Multiple issues
wpBots Support – The best crawlers for WordPress › Forums › SCRAPER (after-sales) › General Issues › Multiple issues
- This topic has 1 reply, 2 voices, and was last updated 6 years ago by
Suman M..
-
AuthorPosts
-
October 11, 2019 at 6:02 pm #692
Karine Robert
ParticipantHi,
I tried scaping multiple websites, and tried on my localhost on 2 different computers and also tried on a server, and I don’t know if there is something I am doing wrong, but I can’t make it work, because I am getting different sort of issues.
1 – After fetching the website (in this case it was https://lepointdevente.com, the “Événements à venir” section), I set the item’s path (a post title) and I set the next page button link. It says I have 53 items but it should be 40.
Then I click on “Jump to content” and I get this message: “Please select serial item link or enter content link first! Go to Feed section, select pick tool for serial item on sidebar, select your feed post’s link.”. I already did this step, so I don’t know what else to do. I tried with the save and scrape buttons and also with “trigger once” then went back to the content tab, but it still doesn’t works. Sometimes I retry and I get “Please enter valid URL.” in the post content tab.
2 – I don’t know why, but I sometimes I get to have the content appear in the content tab, but then when I select the title, I get the text element from another element (like now I get the “Main menu” text).

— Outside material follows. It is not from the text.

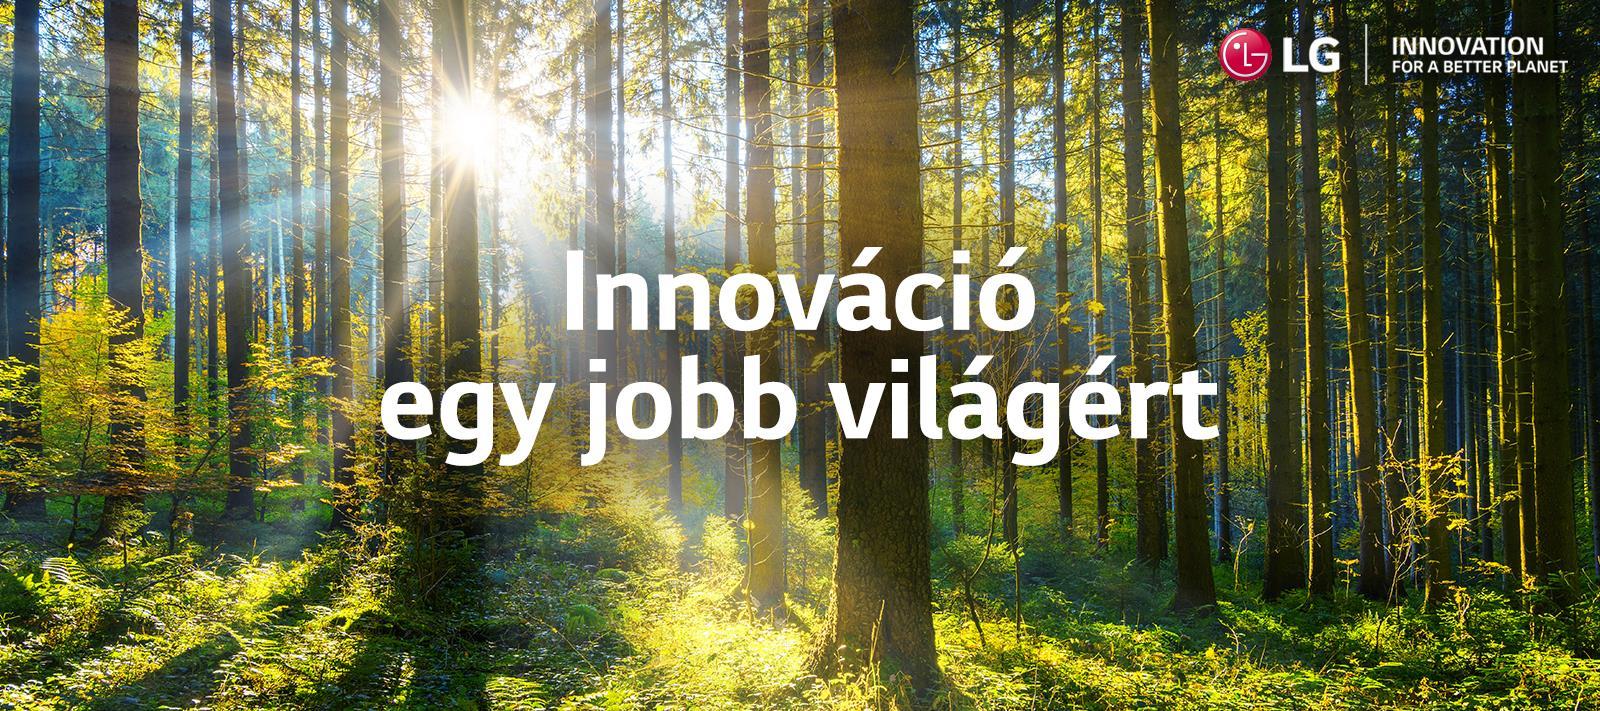 lg_sustainability

3 – I don’t understand how to get all articles in the page when there is no link to the individual article, like on this website: https://suoniperilpopolo.org/fr/events or on this one http://leministere.ca/evenements-4/
I have tried on fresh WordPress installations, with only the scraping plugin installed and with the default WP theme. So it’s not a conflict with another extension or the theme. In the settings, it says that cURL is enabled. The PHP version installed is 7.2.

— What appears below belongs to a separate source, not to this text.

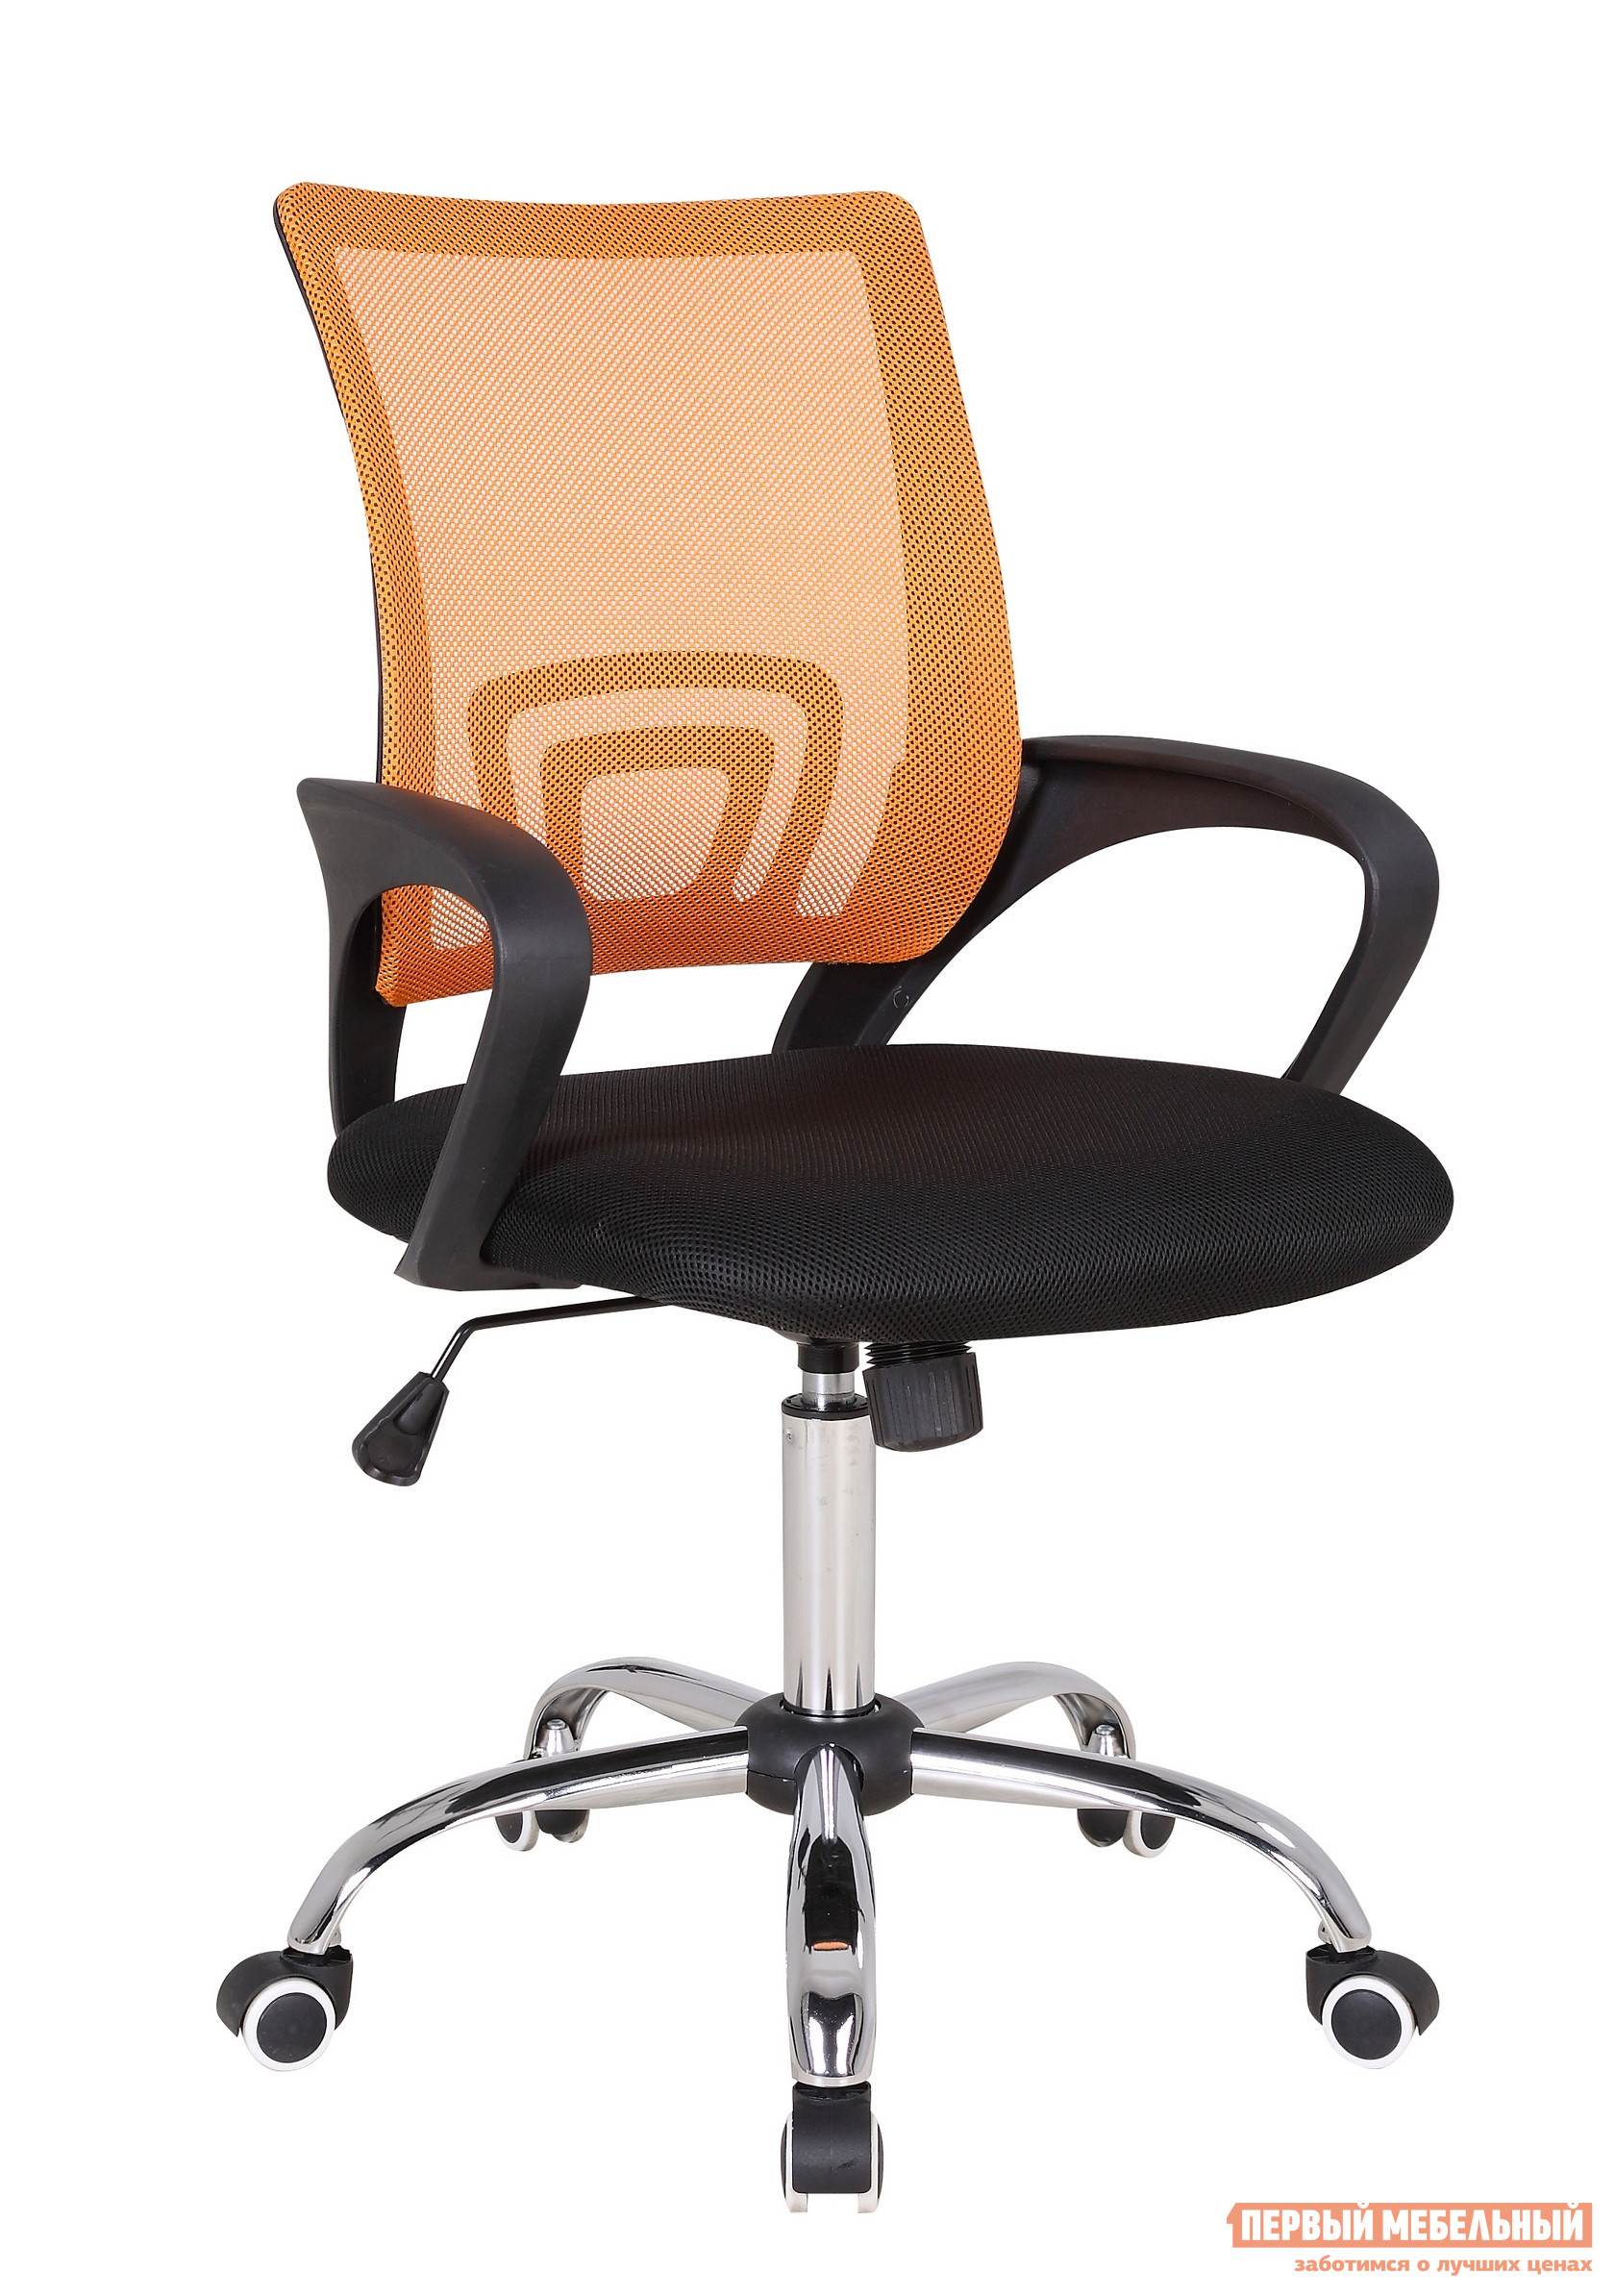 Офисное кресло Бюрократ CH-695SL Сетка Оранжевый TW-38-3 / Черный TW-11

Is there special server requirements to make your plugin work correctly?
Thanks!
October 13, 2019 at 3:16 pm #693Suman M.
KeymasterHi, thanks for contacting us. Please find my comments below.
1) It’s because other blocks/sections also use the same class name. In such case you’ll need to manually enter/update the XPath. Please enter the following XPath in “item’s path” field, and then you can click on “jump to content” button.
//div[contains(@id,"events-list")]//a[contains(@class,"feature-link")]2) It might be the same issue – same class name being used in multiple places. Can you please let us know where and when exactly you get this issue so that we can help you with it.
3) I didn’t exactly get you here. I checked https://suoniperilpopolo.org/fr/events and could scrape from it – https://www.screencast.com/t/O3vawB0iYX3s
Plugin requires that the PHP memory limit is at least 512MB and max execution time is at least 180 seconds.
-
AuthorPosts
You must be logged in and have valid license to reply to this topic.